• About this exercise
Transcribe the entries below exactly, starting with the line that has "Table with ingredients" and stopping after the line that has "women working with"; no pictures belong in the copy.

• Records for the exercise
* * *

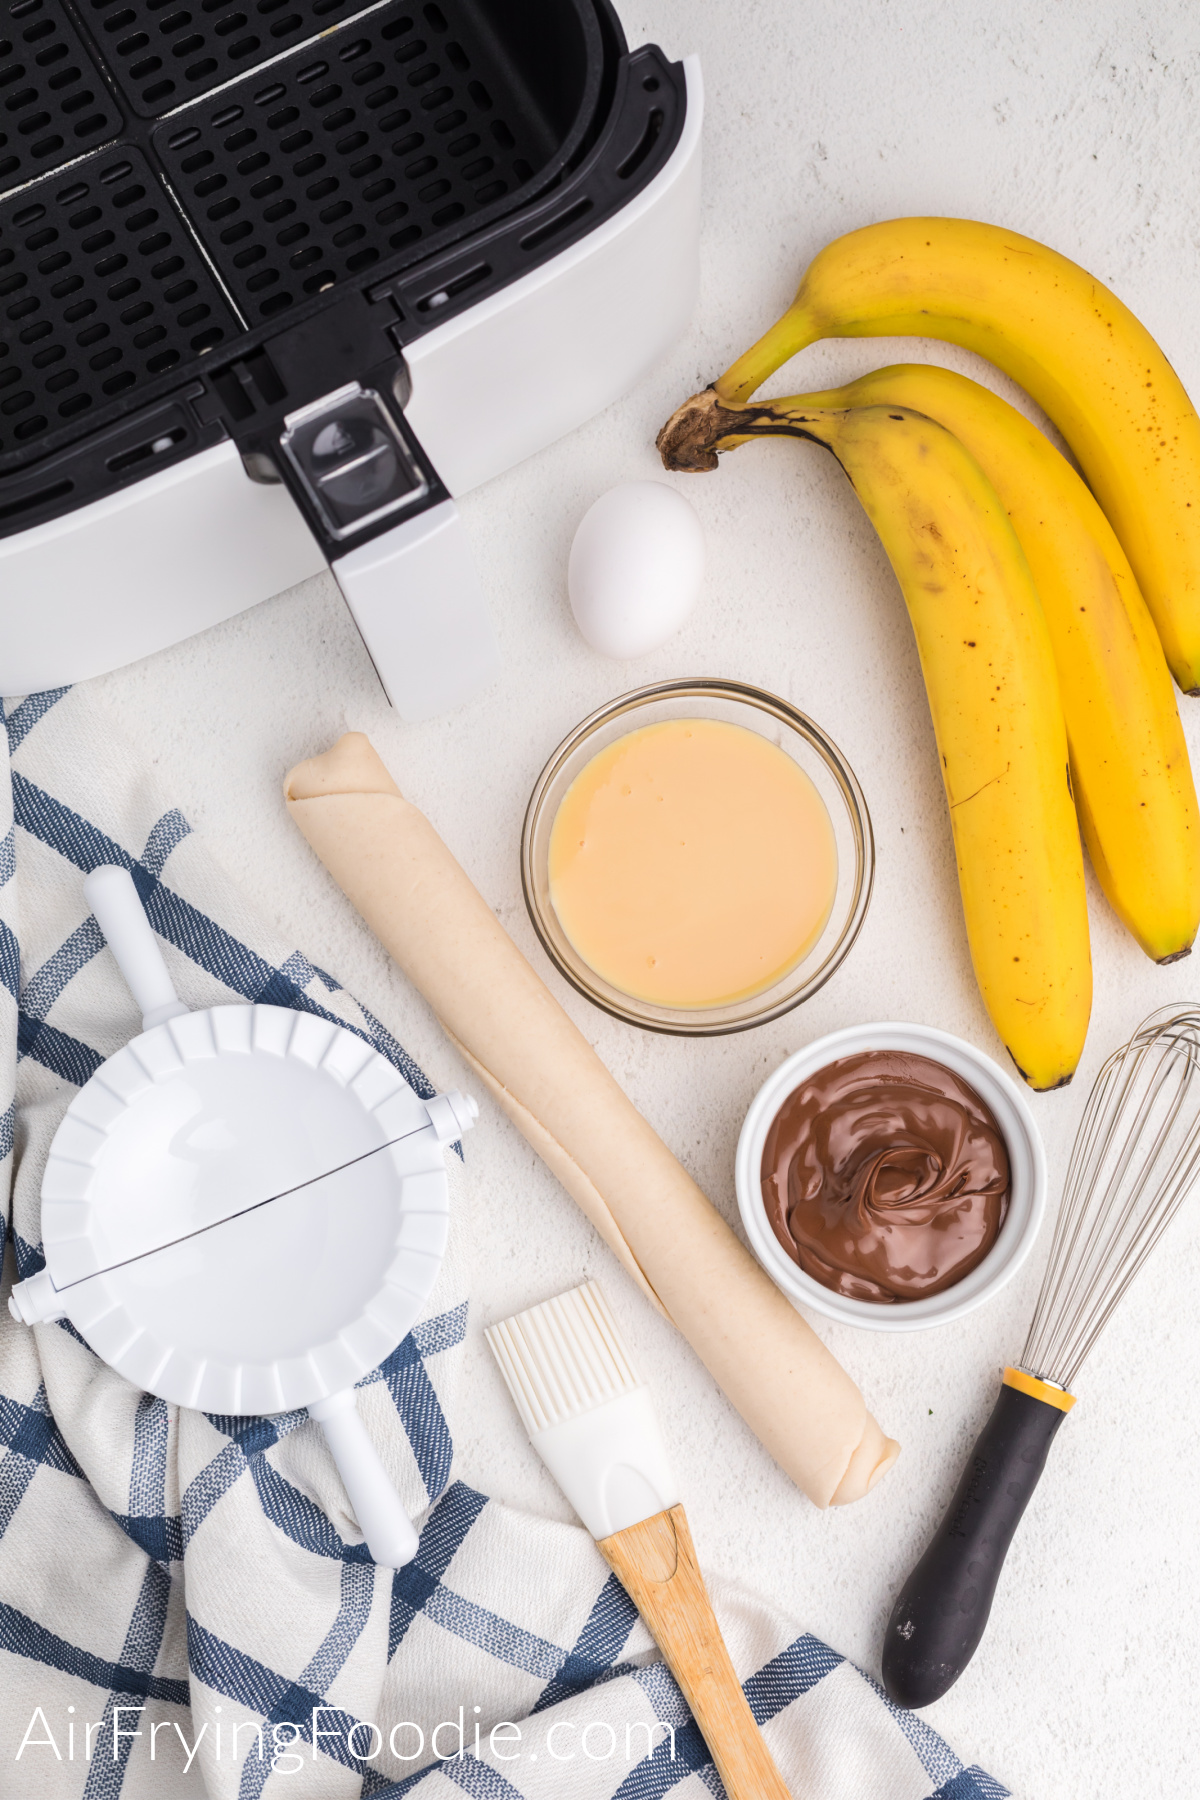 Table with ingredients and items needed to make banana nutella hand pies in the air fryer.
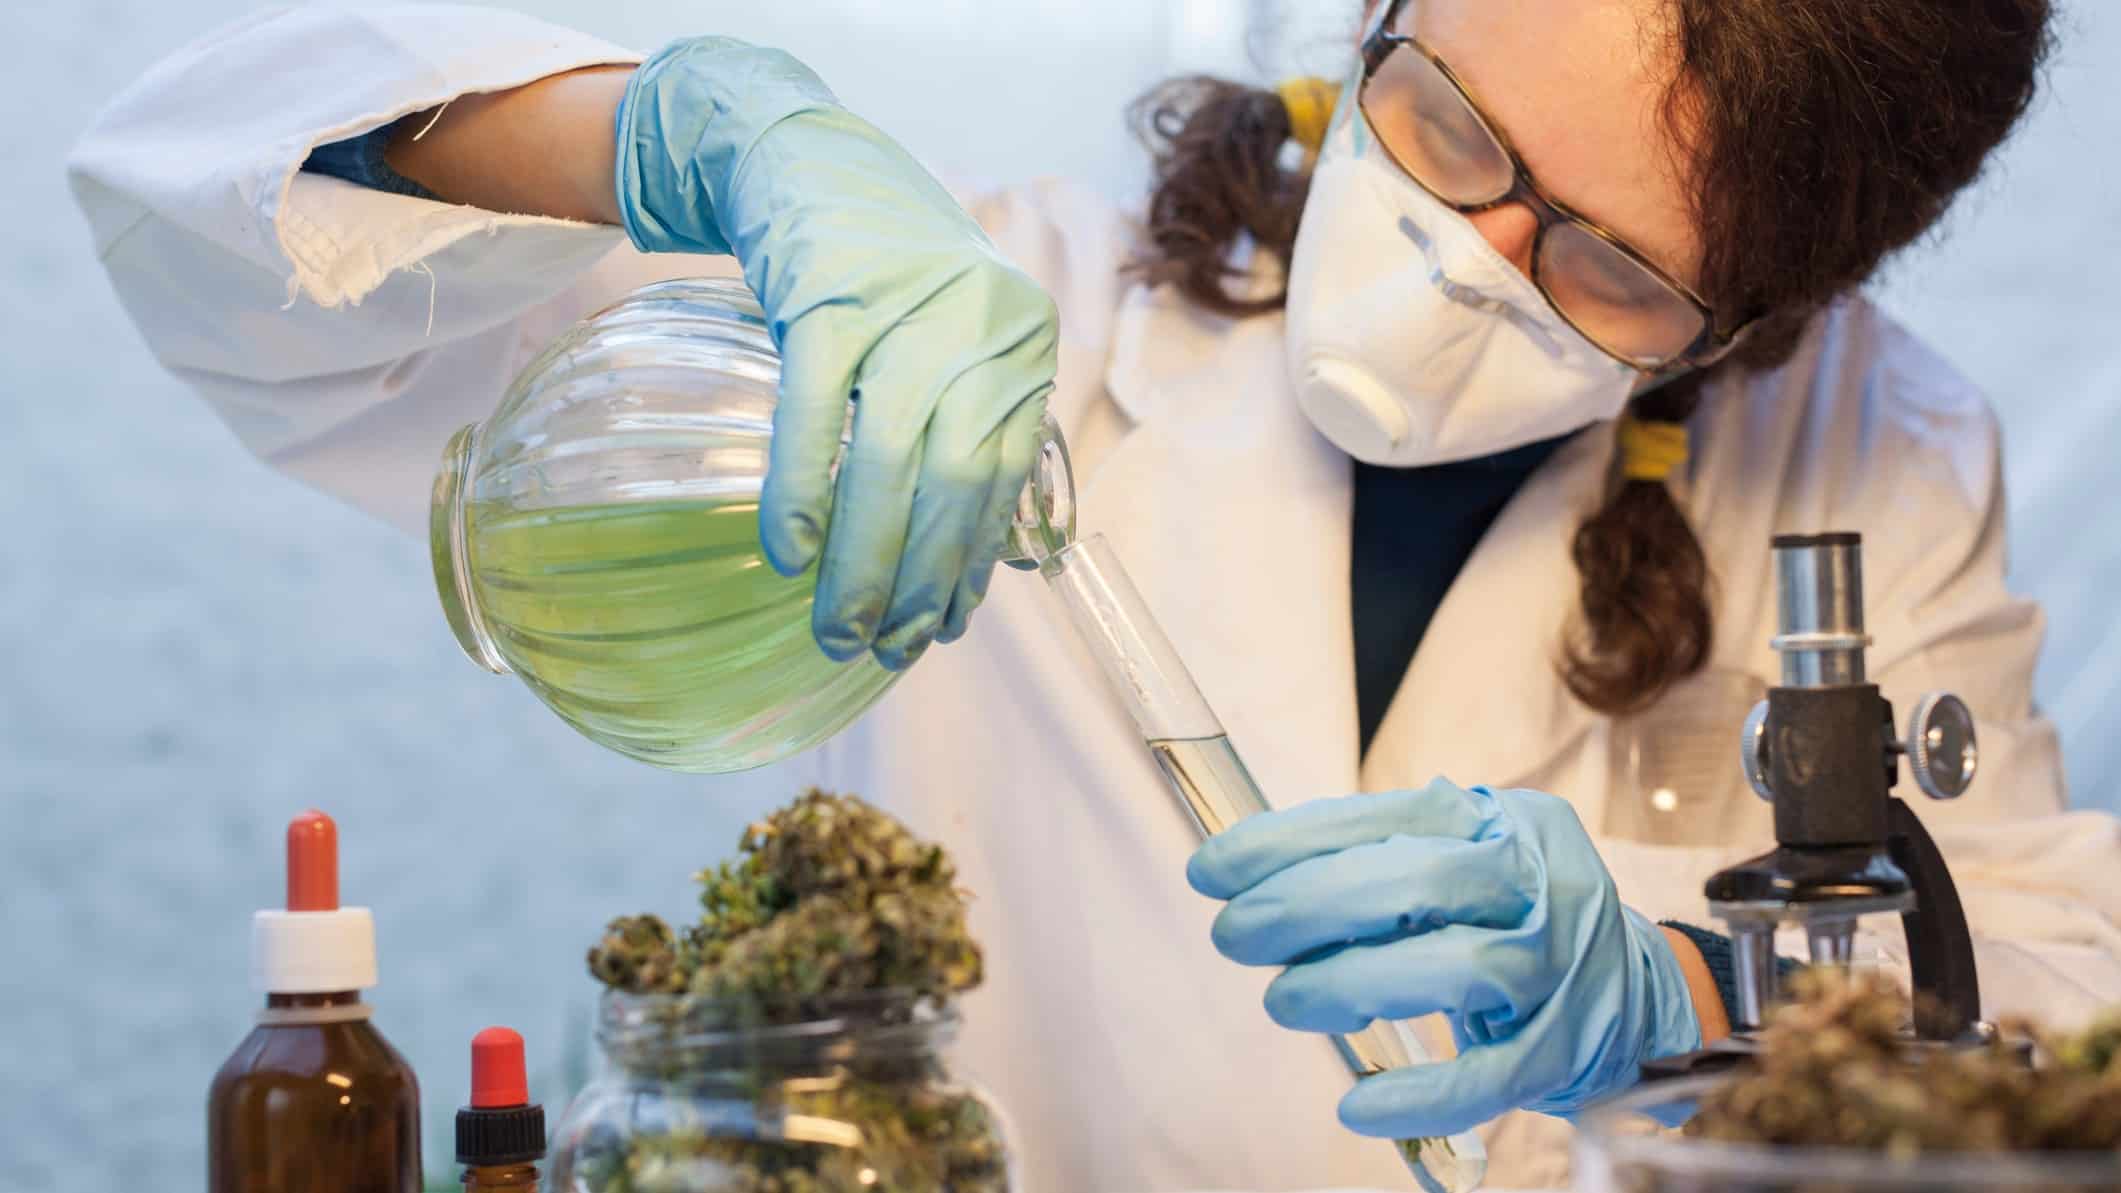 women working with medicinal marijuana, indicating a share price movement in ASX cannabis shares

* * *

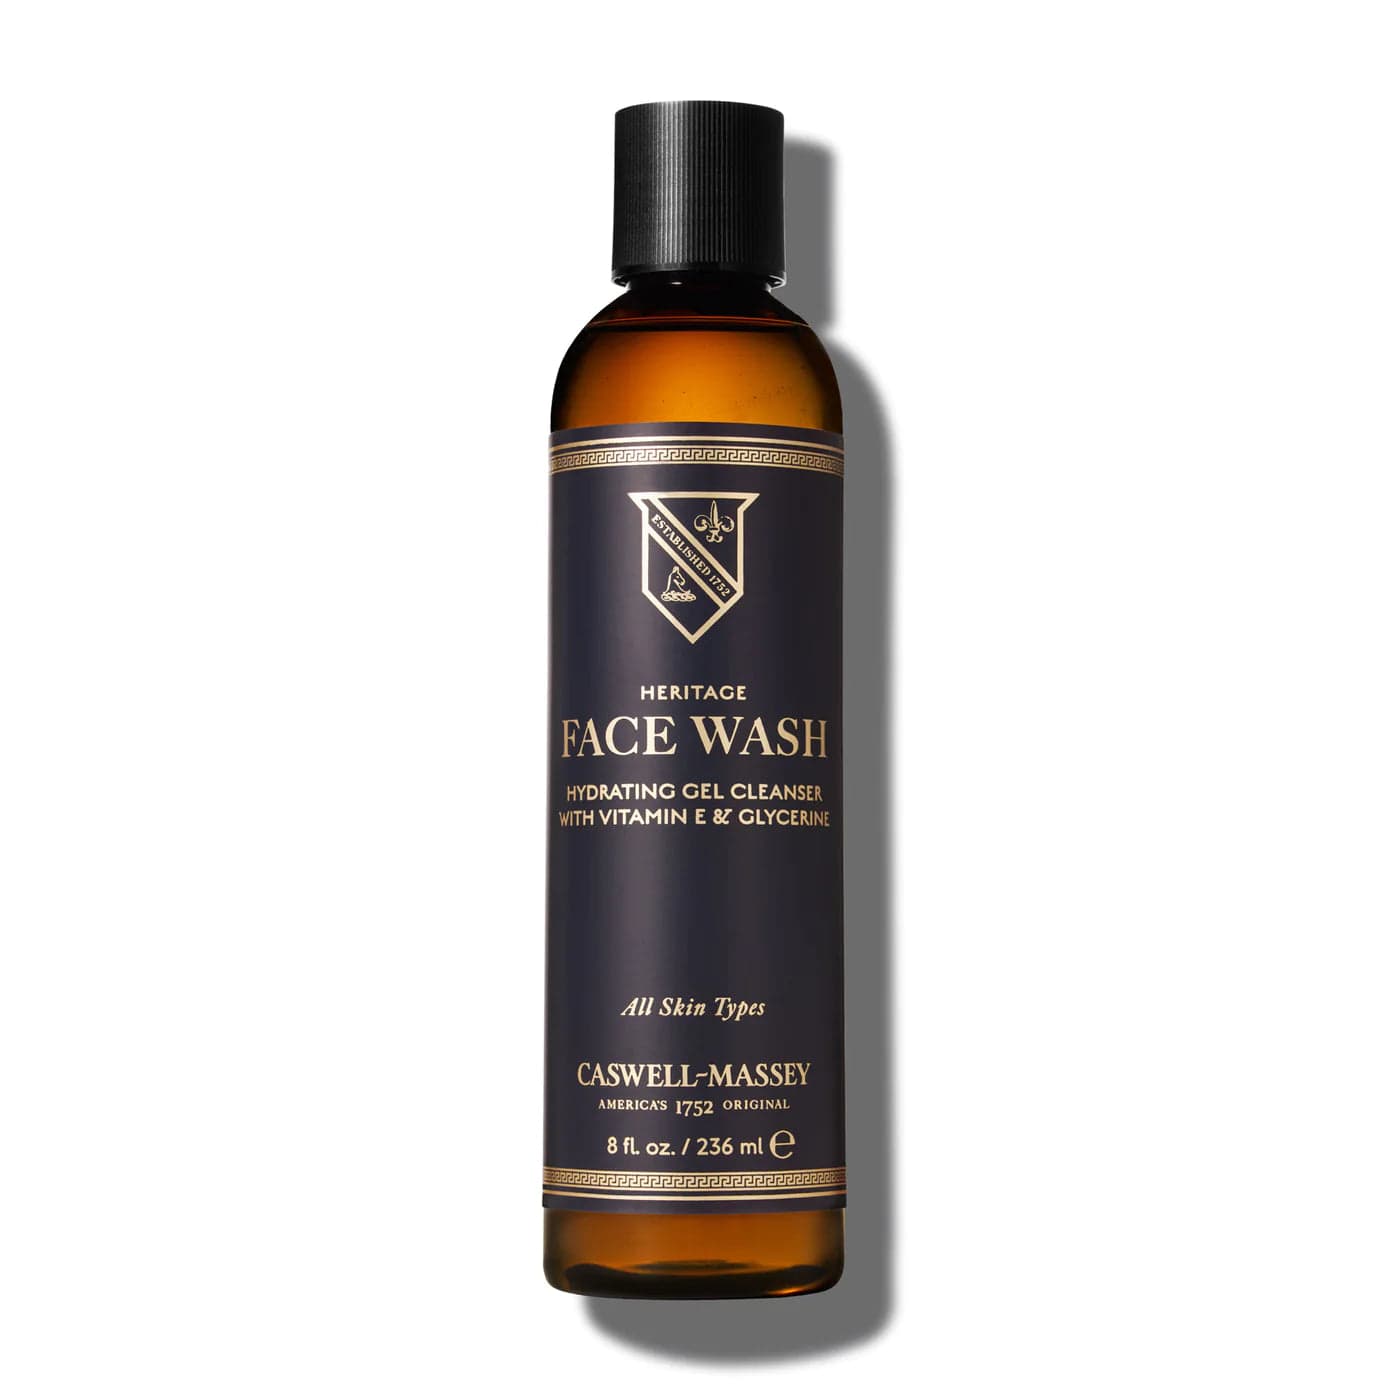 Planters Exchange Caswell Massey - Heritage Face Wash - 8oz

* * *

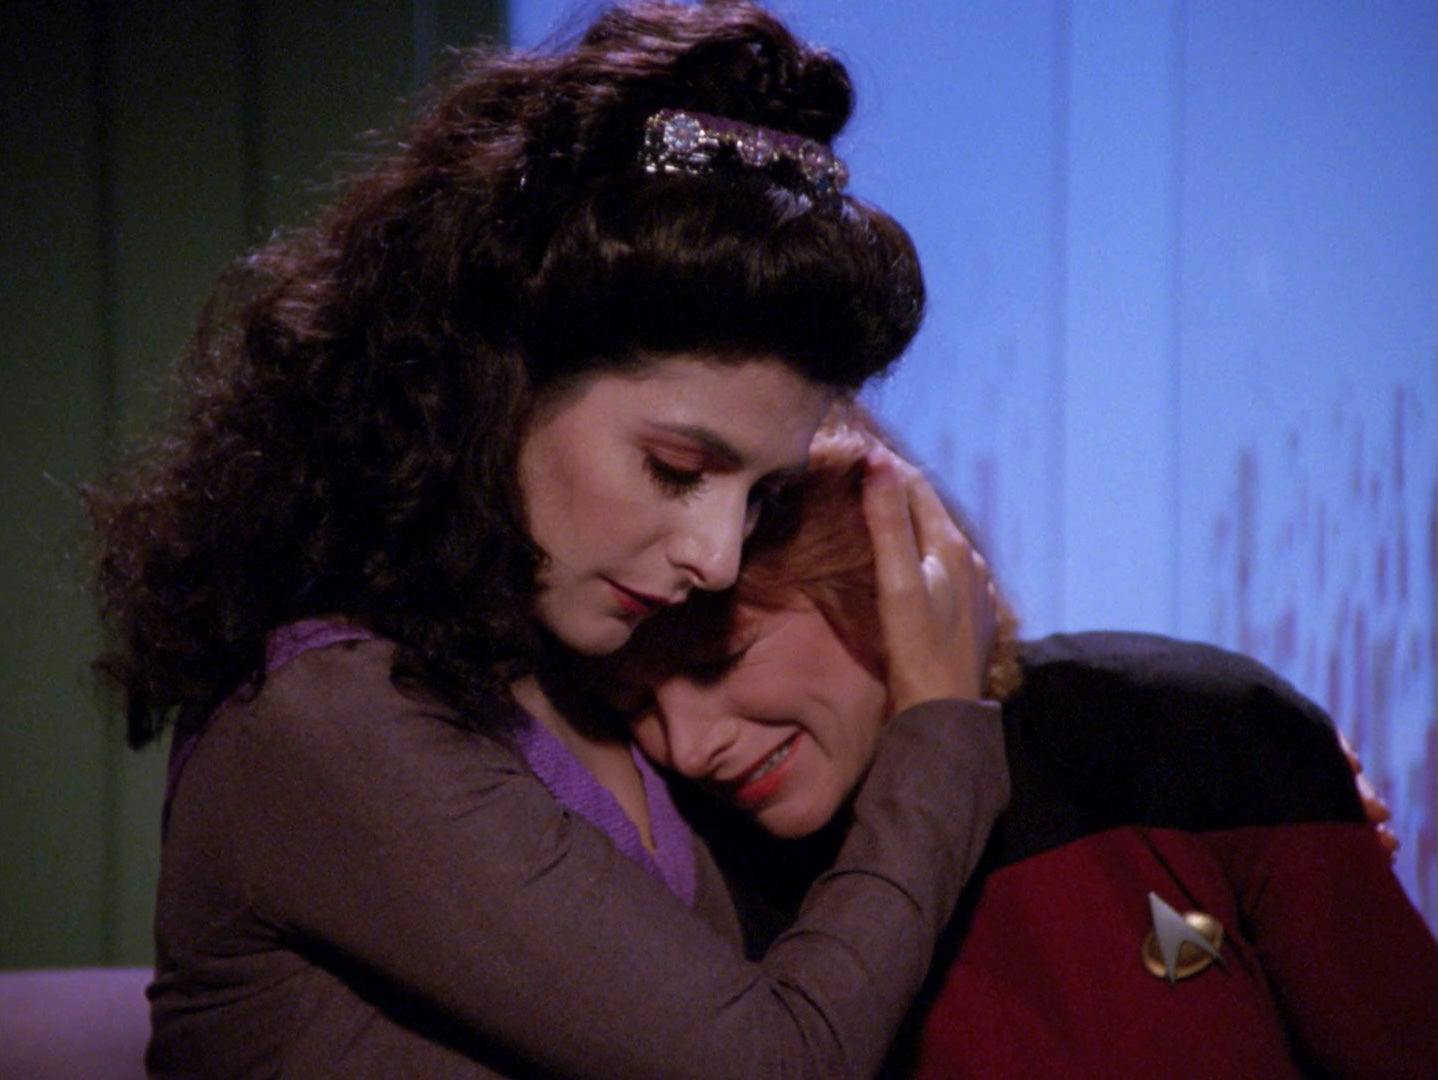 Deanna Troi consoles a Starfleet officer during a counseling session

* * *

• Exercise result
 Table with ingredients and items needed to make banana nutella hand pies in the air fryer.
 women working with medicinal marijuana, indicating a share price movement in ASX cannabis shares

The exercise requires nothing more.